[DATA FOR THE TASK]
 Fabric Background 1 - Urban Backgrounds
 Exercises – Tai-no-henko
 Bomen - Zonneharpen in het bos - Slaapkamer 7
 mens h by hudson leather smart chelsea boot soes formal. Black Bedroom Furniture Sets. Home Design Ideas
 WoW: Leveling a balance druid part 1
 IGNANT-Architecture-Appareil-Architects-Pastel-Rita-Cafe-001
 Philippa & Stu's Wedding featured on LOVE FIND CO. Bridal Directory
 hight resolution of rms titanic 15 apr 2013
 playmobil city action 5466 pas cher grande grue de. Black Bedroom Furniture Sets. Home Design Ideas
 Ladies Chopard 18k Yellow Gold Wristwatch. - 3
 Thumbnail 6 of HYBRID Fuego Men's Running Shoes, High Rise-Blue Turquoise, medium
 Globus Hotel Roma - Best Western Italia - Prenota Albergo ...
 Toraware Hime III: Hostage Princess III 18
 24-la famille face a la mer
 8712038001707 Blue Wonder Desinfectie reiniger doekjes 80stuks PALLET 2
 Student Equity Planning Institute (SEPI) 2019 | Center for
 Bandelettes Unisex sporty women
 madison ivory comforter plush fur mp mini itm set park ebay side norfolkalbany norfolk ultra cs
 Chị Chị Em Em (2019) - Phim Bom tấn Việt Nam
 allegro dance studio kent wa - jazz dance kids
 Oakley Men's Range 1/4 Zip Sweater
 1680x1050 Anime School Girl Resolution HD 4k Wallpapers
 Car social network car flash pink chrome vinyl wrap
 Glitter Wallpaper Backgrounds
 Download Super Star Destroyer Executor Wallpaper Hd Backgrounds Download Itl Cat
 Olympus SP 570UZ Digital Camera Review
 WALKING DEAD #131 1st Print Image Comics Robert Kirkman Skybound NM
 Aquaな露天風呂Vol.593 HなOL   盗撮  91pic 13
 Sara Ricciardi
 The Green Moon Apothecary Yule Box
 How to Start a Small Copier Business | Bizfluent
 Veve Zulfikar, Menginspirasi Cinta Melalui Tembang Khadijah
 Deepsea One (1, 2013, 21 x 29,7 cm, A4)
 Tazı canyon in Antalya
[/DATA FOR THE TASK]
▸ EXERCISE PROMPT
The required output is every line from the one with "madison ivory comforter" to the final line of the entries, repeated exactly and with nothing else.

▸ REPLY
 madison ivory comforter plush fur mp mini itm set park ebay side norfolkalbany norfolk ultra cs
 Chị Chị Em Em (2019) - Phim Bom tấn Việt Nam
 allegro dance studio kent wa - jazz dance kids
 Oakley Men's Range 1/4 Zip Sweater
 1680x1050 Anime School Girl Resolution HD 4k Wallpapers
 Car social network car flash pink chrome vinyl wrap
 Glitter Wallpaper Backgrounds
 Download Super Star Destroyer Executor Wallpaper Hd Backgrounds Download Itl Cat
 Olympus SP 570UZ Digital Camera Review
 WALKING DEAD #131 1st Print Image Comics Robert Kirkman Skybound NM
 Aquaな露天風呂Vol.593 HなOL   盗撮  91pic 13
 Sara Ricciardi
 The Green Moon Apothecary Yule Box
 How to Start a Small Copier Business | Bizfluent
 Veve Zulfikar, Menginspirasi Cinta Melalui Tembang Khadijah
 Deepsea One (1, 2013, 21 x 29,7 cm, A4)
 Tazı canyon in Antalya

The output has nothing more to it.